А вообще, не так давно, в городе практиковал за­езжий медиум, за вполне умеренное вознаграждение вызывавший обывателям (в зависимости от интереса), кому старца Григория, кому Соньку Золотую ручку, а партийцам, соответственно, Ильича. Но если первые двое вели себя пристойно, то неугомонный дух вождя мирового пролетариата безобразничал, скверносло­вил и затихал только при виде фотографии опально­го Зиновьева. Кроме того, поскольку, для привлечения товарища Ленина, в качестве подлинного материала использовался затёртый до дыр номер «Искры», в го­роде начались пожары. Вмешалось ОГПУ и медиум исчез. К слову сказать - те, что успели воспользовать­ся его услугами, остались весьма довольны результа­том, особенно в амурных делах. Так, посетившая се­анс Полина Михайловна, отзывалась о маге в самых восторженных выражениях и даже показывала ГПОТу несколько двусмысленное пятно на шее, якобы остав­ленное не в меру разошедшимся первым председате­лем Совнаркома.

Но, нет! Прохор Филиппович не верил ни в спи­ритизм, ни Полине. Попозже, к восьми часам, он при­гласил домой коллег-управленцев. Тёртых тузов, това­рищей по совместным партийным заседаниям. Правда, откликнулись не все и не сразу. Так командир пожар­ной части, по привычке опоздал, а начальник почто­вой службы вообще не дошёл, всё же шестеро были на лицо.

Судили-рядили. Главврач Фаддей Апомидонтович Белкин настаивал на сугубо научной природе зага­дочного явления, уверяя, что это обычный массовый гипноз. Его не слушали. В городе Белкина не люби­ли, а комендант «Пузырёвских» бань Иван Иванович Хрящов, со свойственной ему прямолинейностью и вовсе называл доктора за глаза «интеллигентской за­дницей». Лишь когда доктора утвердил Наркомздрав, категоричный Иван Иванович начал опускать в своей характеристике обидное прилагательное, и то неохот­но, и не сразу.

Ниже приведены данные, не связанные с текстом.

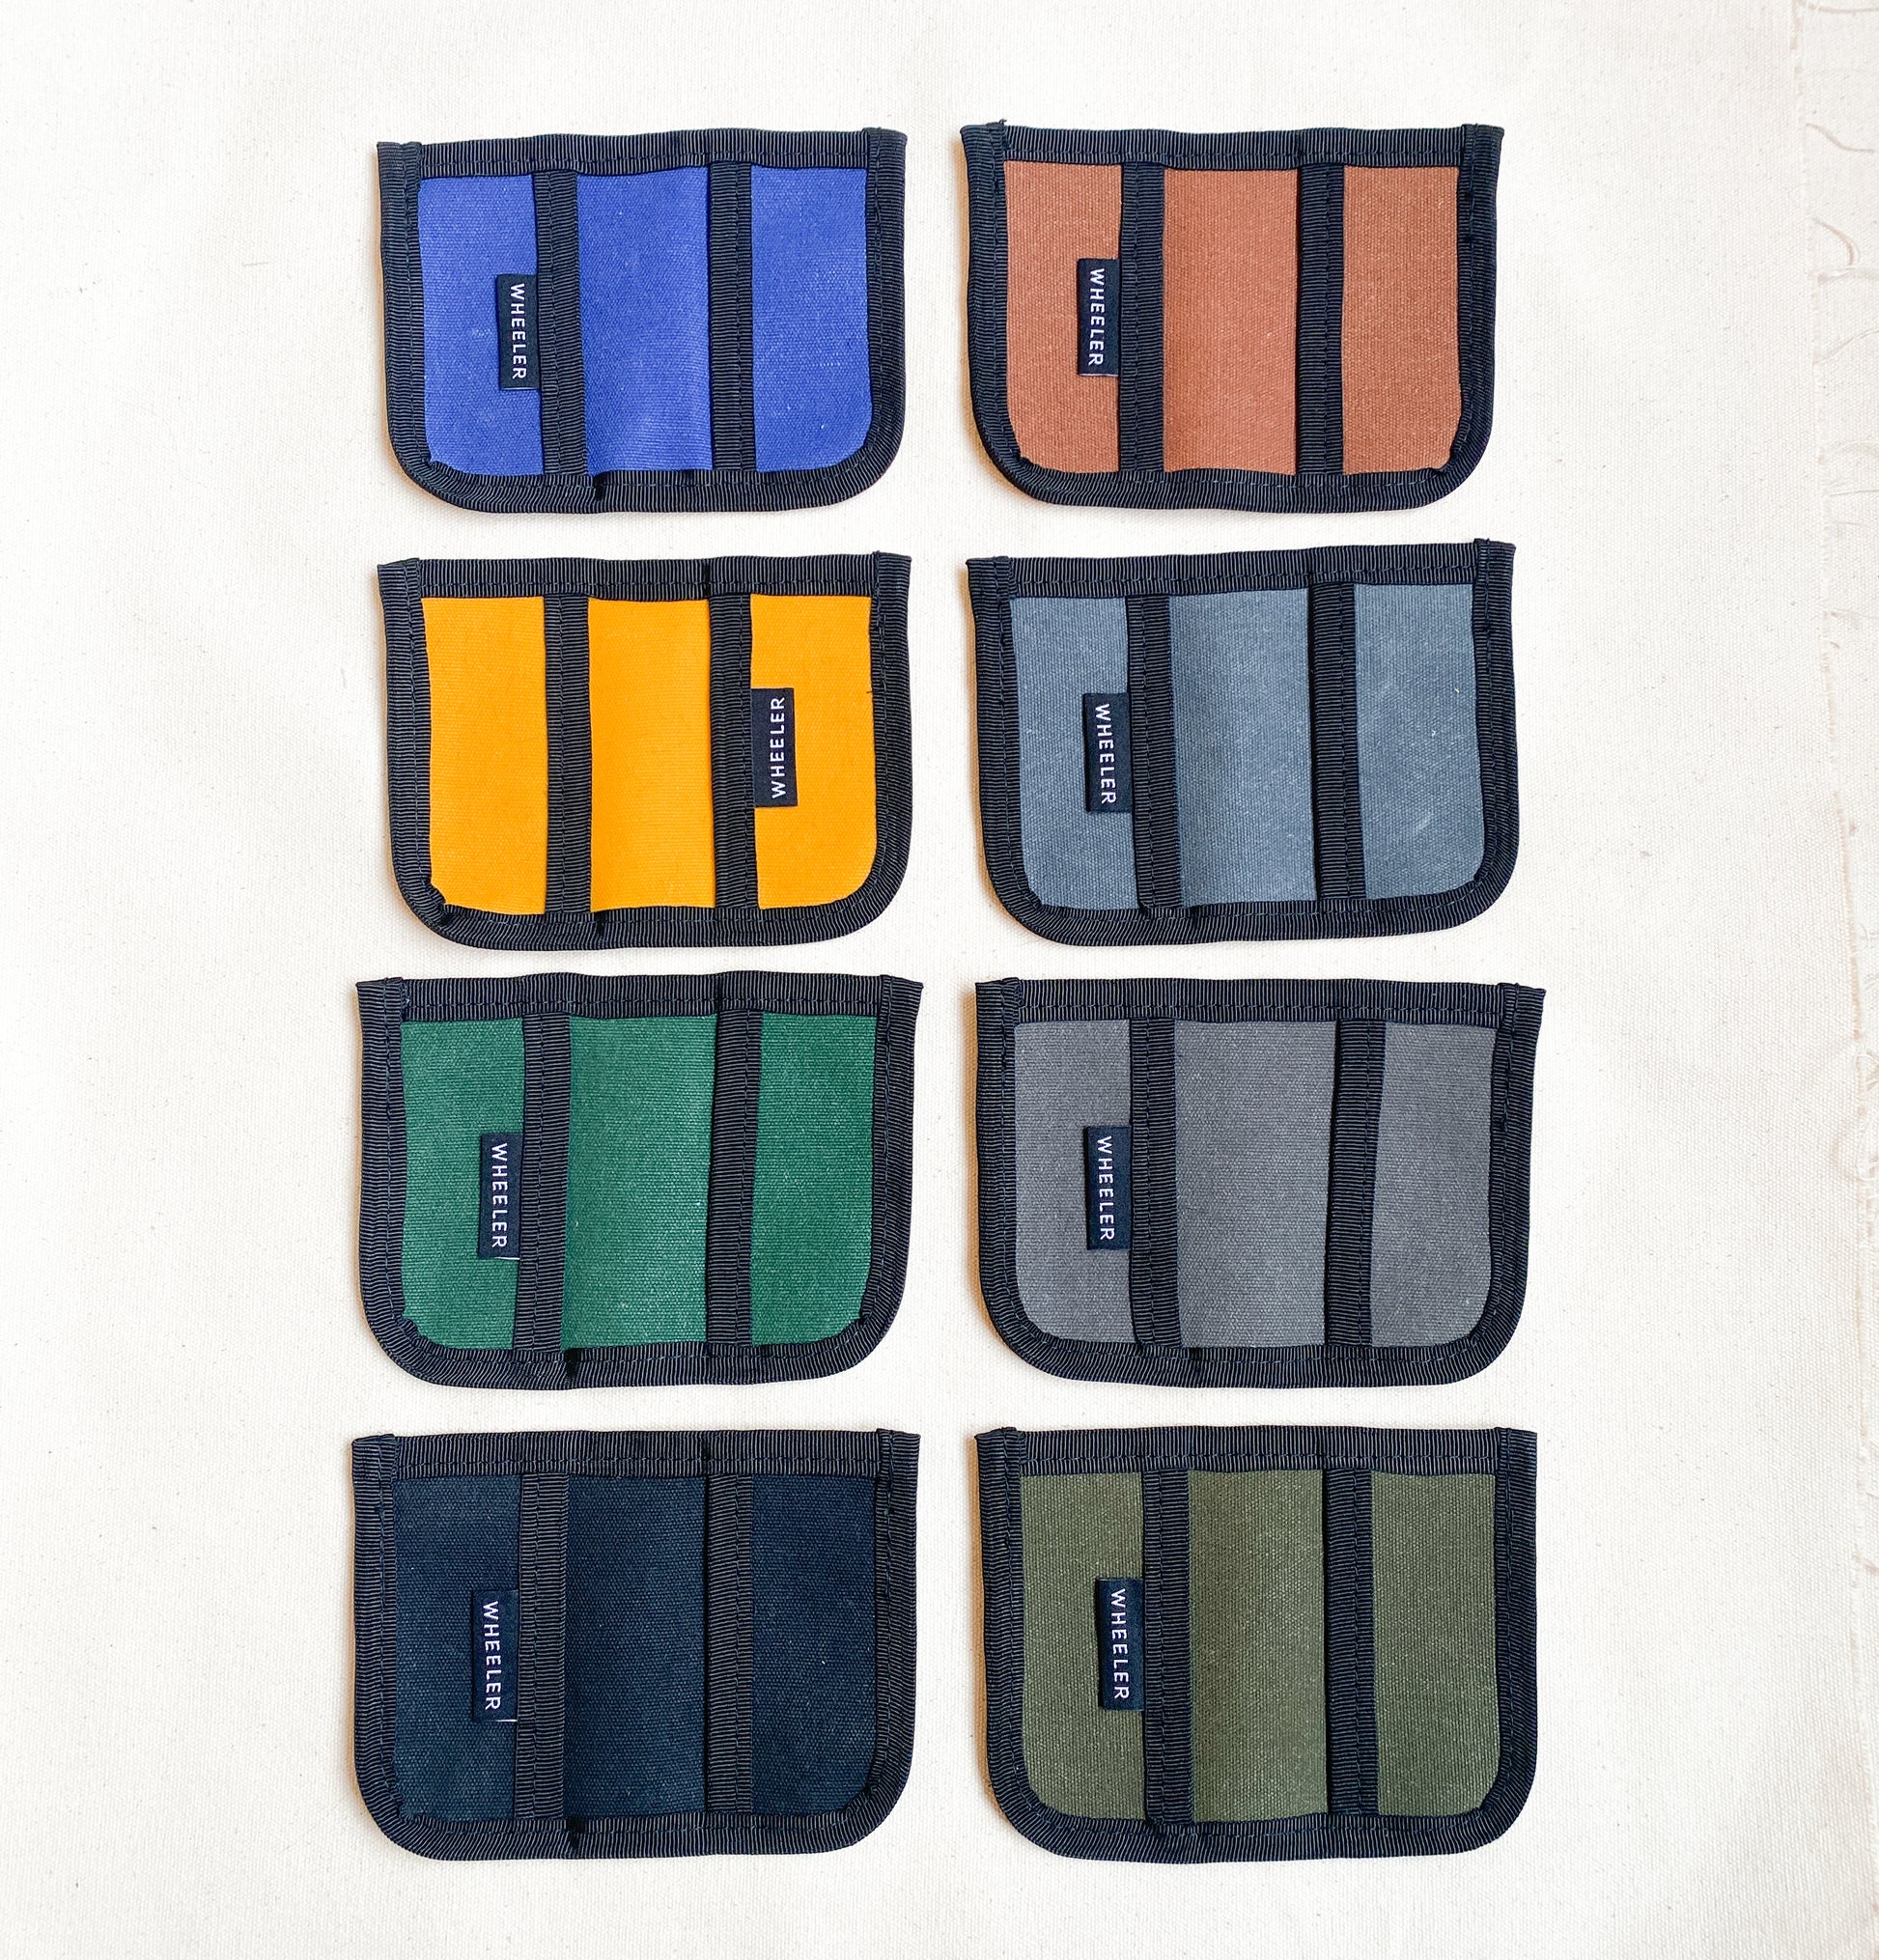 All colors available for Card Holder. 
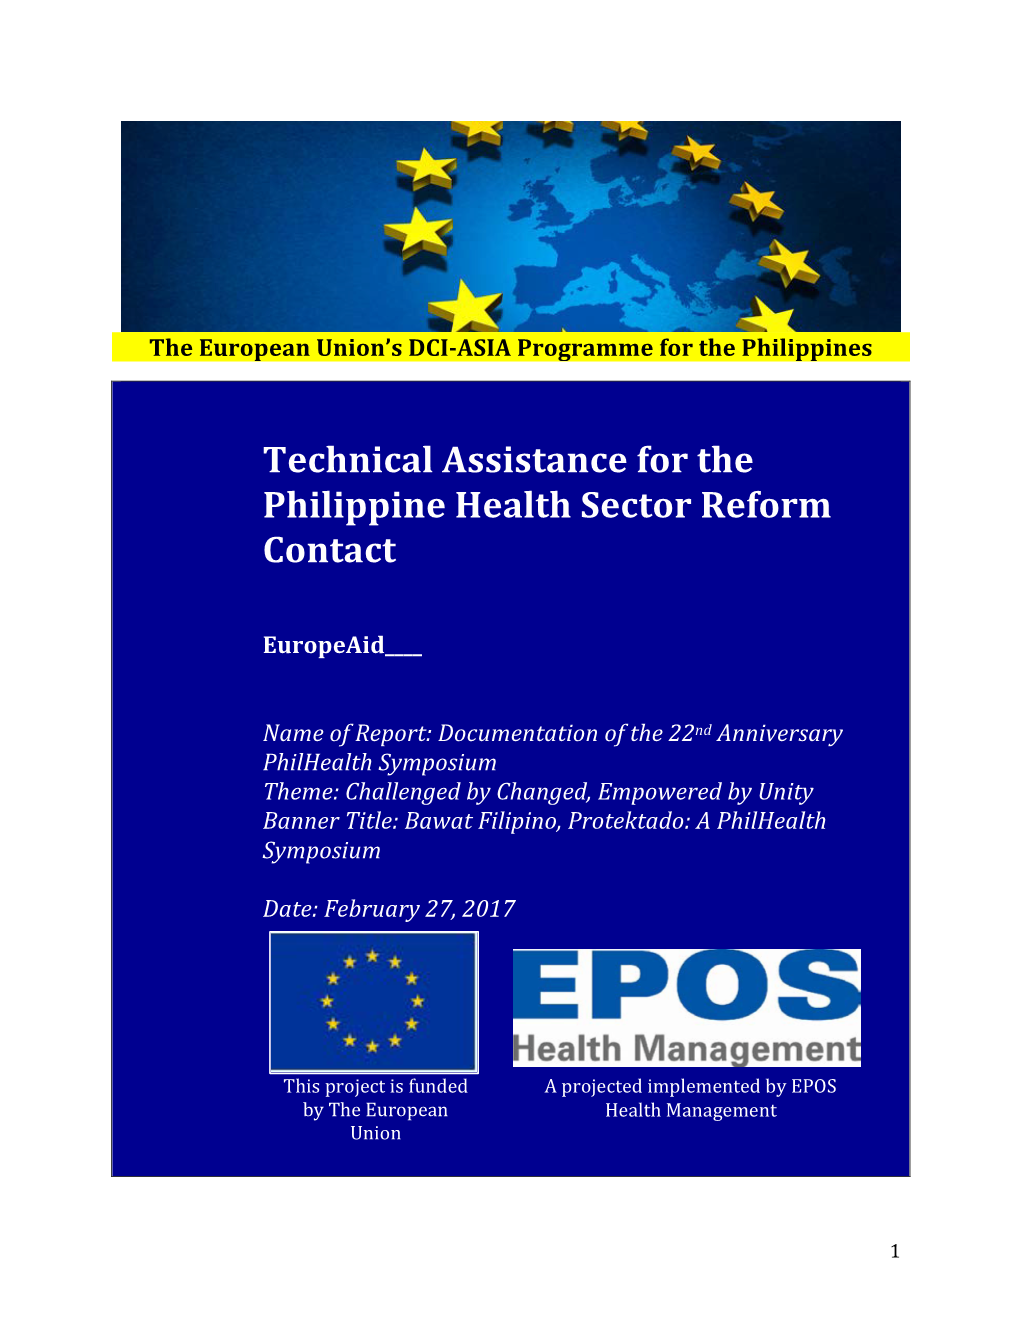 Technical Assistance for the Philippine Health Sector Reform Contact

-      … наверняка, компетентные органы пригласили какого-то известного психиатра и исследуют граждан на лояльность.

-     Тебя самого, Пирамидонтыч, за такие слова, не худо бы исследовать, - скривился Хрящов.

Главврач, по натуре - перестраховщик, заёрзал на стуле, два раза сам себе сказал «так-с» и вдруг заторо­пился к захворавшему катаром родственнику Удержи­вать его не стали, словно обрадовавшись возможности переменить тему.

-            «Катар», - снова заговорил комендант «Пузырёвки», когда доктор откланялся. - Понимал бы чего, в катарах. А-то, гипно-оз!

-     Угу, - промычал набитым ртом Никита Савич Севрюгин, чрезвычайно толстый гражданин, заведо­вавший столовой фабрики «Имени Коминтерна». - В двадцать шестом приписал мне мозольный пластырь, с тех пор прибавляю по пуду в год. Уж и в новый ко­стюм не влезаю.

Севрюгин медленно поднялся, повернулся к си­дящим за столом сперва одним боком, затем другим, похлопал ладонями по брюху.

-        Костюм хороший… Из того букле, что ты Артемий Капитонович… - обратился он к директору магазина Промсоюза, но осёкся. Артемий Капитонович тоже было стушевался, а затем они хором принялись бранить доктора Белкина и докторов вообще.

-     Знаешь, Прохор Филиппович, - вернулся Иван Иванович к прерванному разговору. - Ты, нижние стёкла в трамваях, те что поднимаются, распорядись закрасить, от греха. А вагоны, пусть будут как в бане, «женский» и «мужской».

-    Верно, - поддержал заведующий рынком Гирин. - Только дамские, пусти первыми, чтоб без жалоб, к последним на «колбасу» пацаны цепляются…

-    Мальчишки, что. От них вреда не много. У меня вон, в столовой комсомолки санитарный ликбез устро­или. В дверях встали, - пожаловался Никита Савич. - Которые рабочие с грязными руками, тех обедать не пустили. Полфабрики голодными оставили. Два бака борща, второе… Всё псу под хвост! А если они завтра ещё что проверить захотят?

-     Значит, и трамваи, их работа! - мрачно кивнул Артемий Капитонович. - Белкин прав. Вычисляют…

-    Вычисляют кого? - Прохор Филиппович встре­вожился.

Только на днях он слышал как какой-то студент, неопрятный и золотушный, говорил приятелю:

-      … недотрога. У нас новенькая, тоже закочевря­жилась. Никакой пролетарской сознательности, жмёт­ся да жмётся. Я, брат, сразу спознал чужеродный класс. Ребята, говорю, она или поповна, или того хуже. Стали карточку выверять и аккурат, в точку. Происхождение неверно показала. Преднамеренно! Чтобы на курс по­ступить.